Pensions dashboard legislation starts to be switched on

The Government has laid two sets of regulations before Parliament that may well give an indication that regulatory activity supporting the pensions dashboard is starting to pick up.

The first set of regulations brings into force the operative part of the Pensions Dashboards (Prohibition of Indemnification) Act 2023 which obtained Royal Assent in May 2023 (see Pensions Bulletin 2023/18). As a result, since 1 January 2024 it is a criminal offence for pension scheme trustees or managers to reimburse themselves, using the assets of the pension scheme, in respect of penalties imposed under pensions dashboards regulations.

The second set, which is in draft form, makes operating a pension dashboard service, which connects to the MaPS dashboards digital architecture, a regulated activity. This will enable the FCA to finalise its rules that will govern qualifying pensions dashboard services, on which it consulted in December 2022 (see Pensions Bulletin 2022/45) and on which the outcome is awaited. Once in final form, the Order will come into force on 11 March 2024.

A blog has also been published by the Pensions Dashboards Programme in which 2023 is acknowledged as having been a challenge, but one in which significant progress has been made, with 2024 being an important year for the programme.

Comment

2024 could well be the make-or-break year for the pensions dashboard. Unless sufficient progress has been made before the General Election is called, nothing can be done policy-wise during the campaign and quite possibly for many months after as a new incoming Government with a new Secretary of State could decide to take stock of a project that has been continually delayed since George Osborne announced in the 2016 Budget that it would be launched by the end of 2019.

Back to the top

Employer-related investment – another trustee given suspended prison sentence

Following prosecution by the Pensions Regulator, another trustee of an occupational pension scheme has been given a suspended prison sentence for making illegal loans to the sponsoring employer. There was a similar case involving a separate scheme on which we reported in March (see Pensions Bulletin 2023/13).
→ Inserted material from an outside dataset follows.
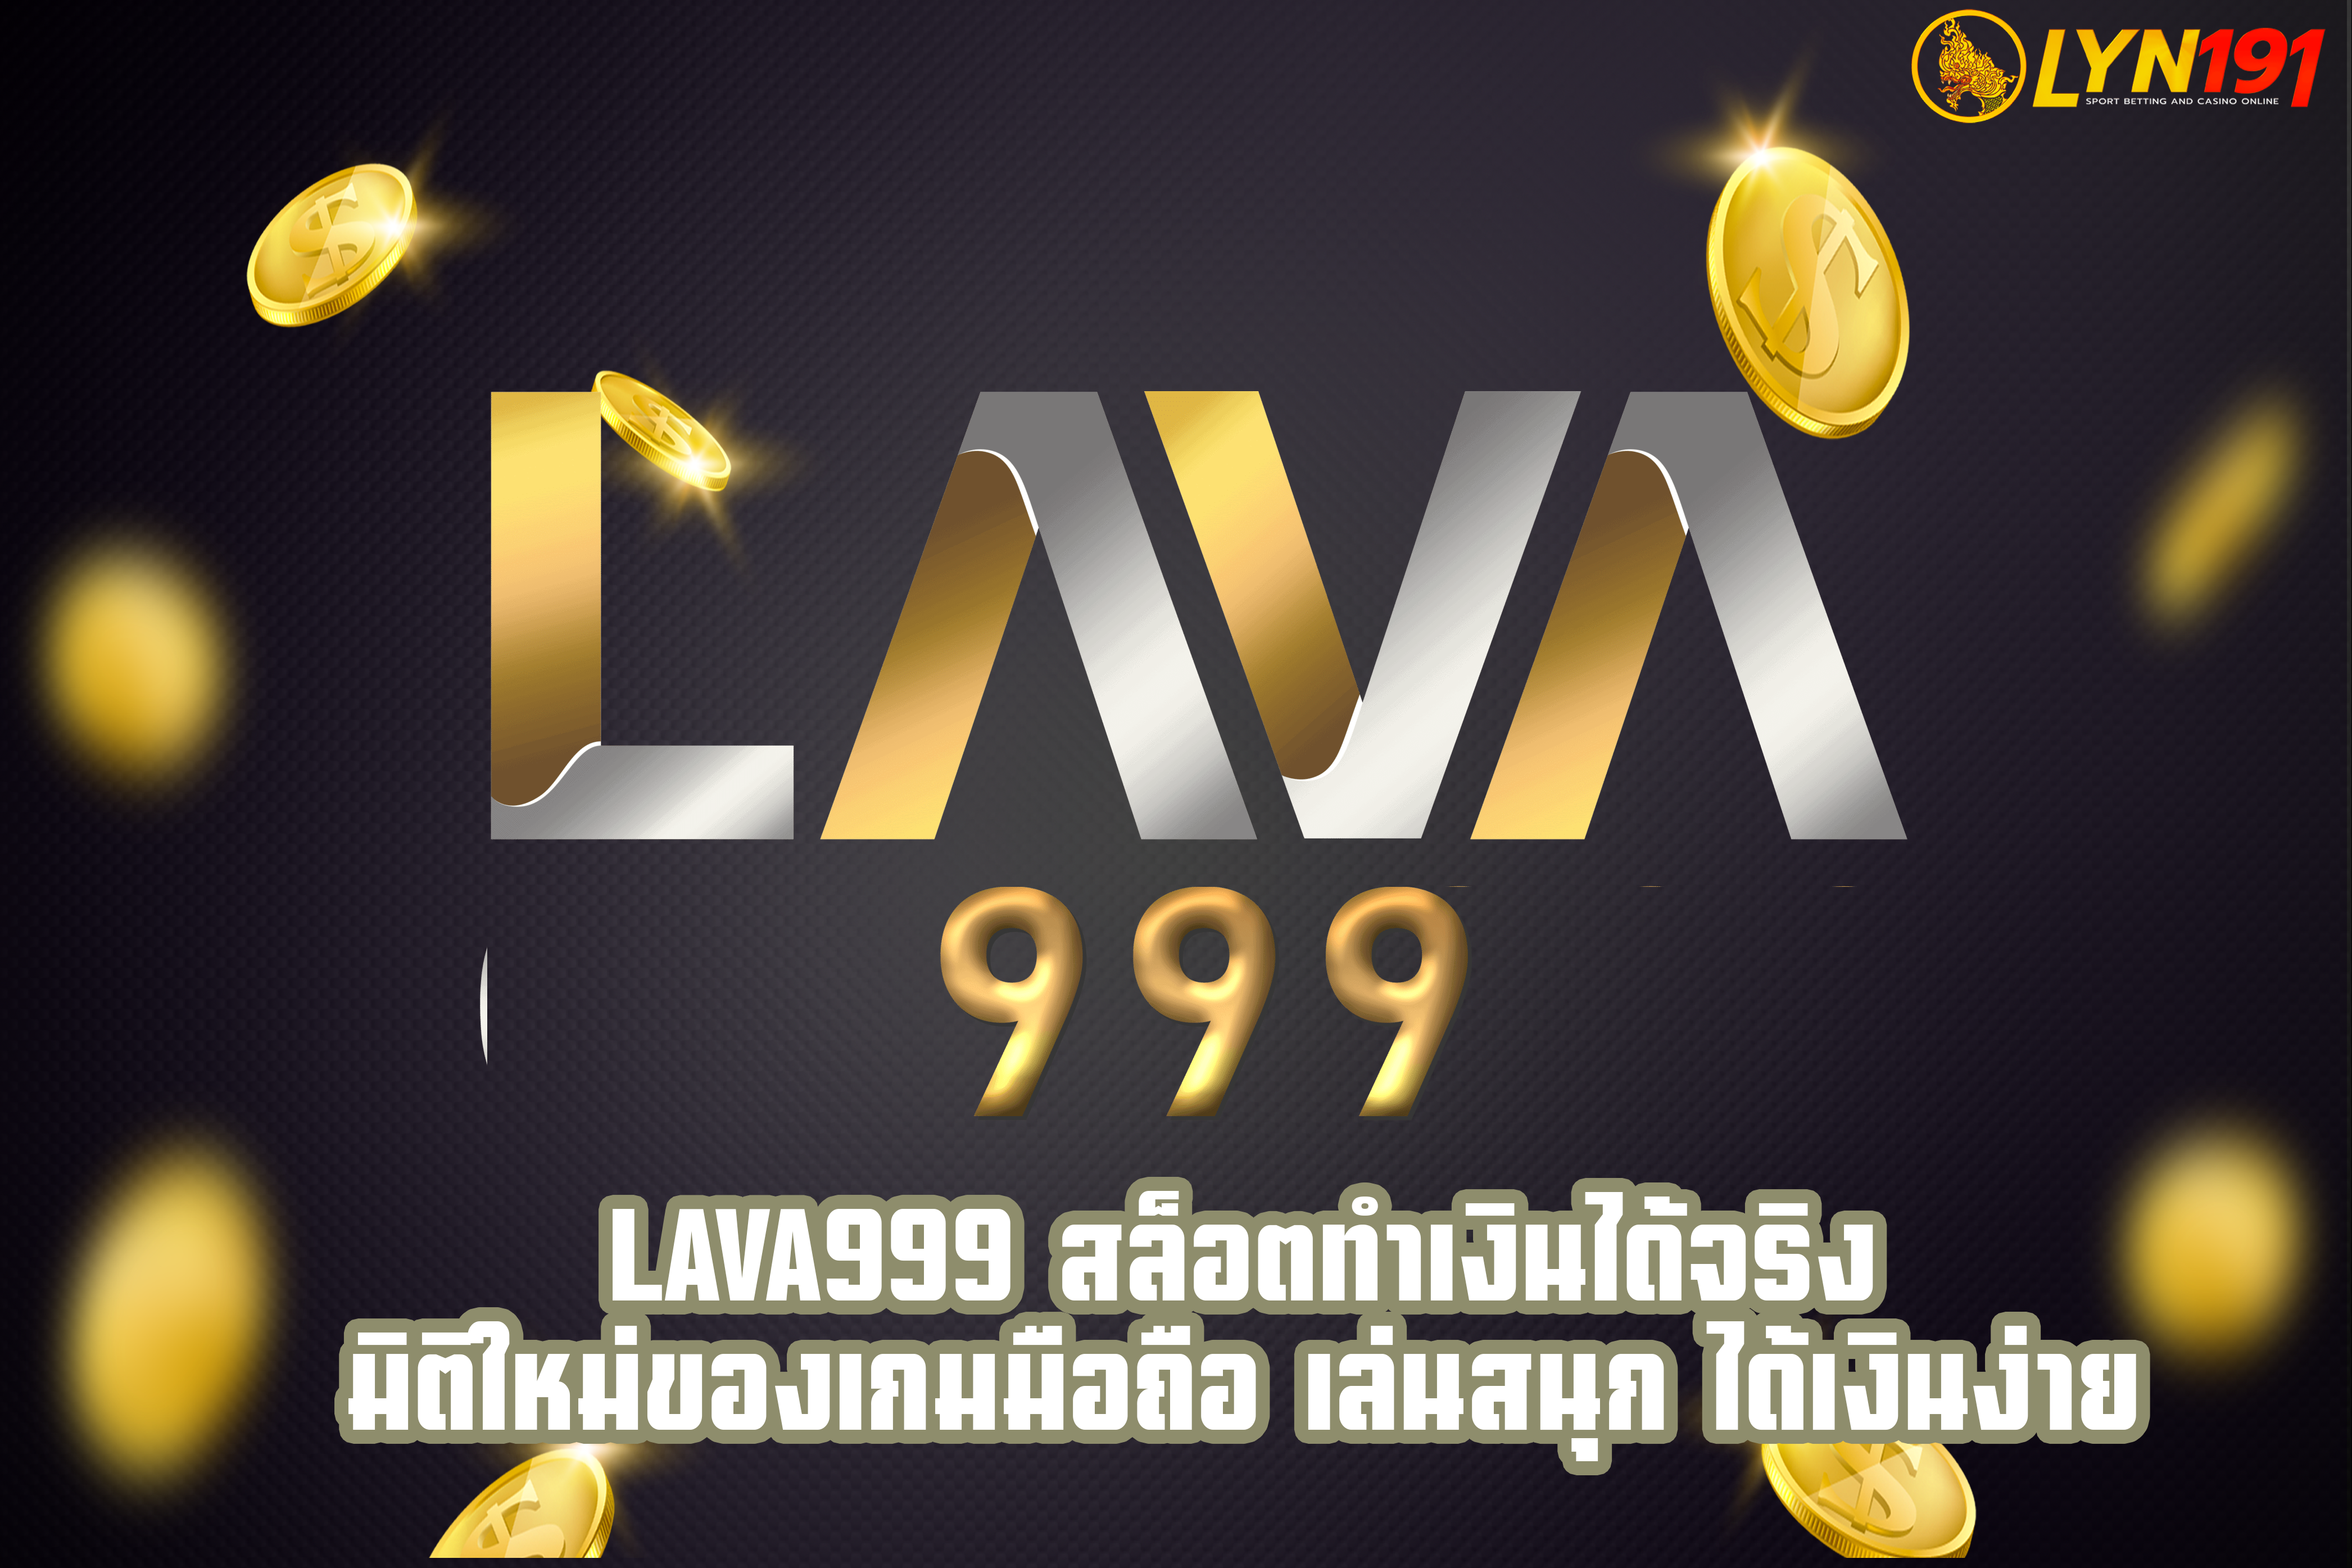 LAVA999
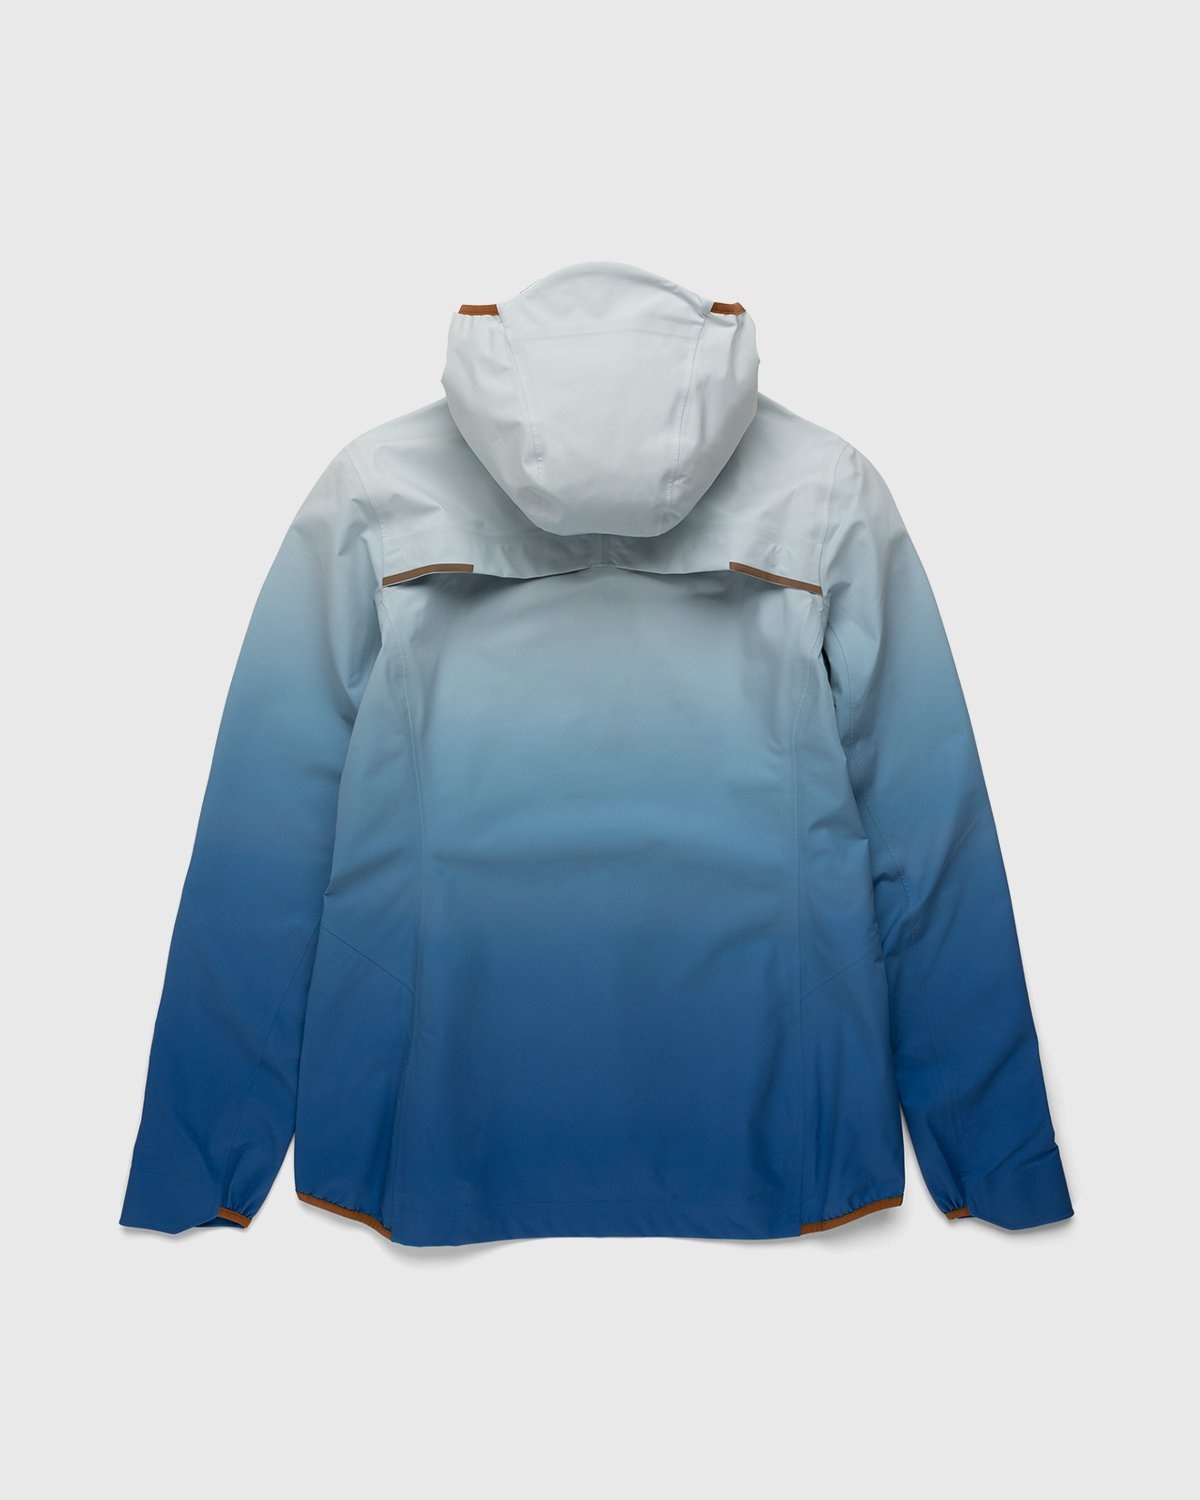 Loewe x On – Men's Technical Waterproof Anorak Gradient Khaki - Outerwear - Grey - Image 2

In the latest case, the Pensions Regulator reports that the trustee made five loans, totalling around £700,000, in breach of the employer-related investment law. It also says that ultimately all scheme monies were lost as the loans were converted into another employer-related investment which failed, although the individual concerned was not a trustee at the time of the failed investment.

Comment

Another demonstration that the Regulator will prosecute cases of illegal employer-related investment and that courts will convict. We hope that the consequences are now clear enough so that any illegality on employer loans is consigned to the history books.

Back to the top

Employment law regulations laid in final form

The regulations making changes to certain aspects of retained EU employment law that were laid in draft form in November 2023 (see Pensions Bulletin 2023/45) have now been laid in final form. The Employment Rights (Amendment, Revocation, and Transitional Provision) Regulations 2023 (SI 2023/1426) came into force on 1 January 2024. The Equality Act 2010 (Amendment) Regulations 2023 (SI 2023/1425), which preserve certain interpretive effects of retained EU law in the employment field, also came into force on 1 January 2024.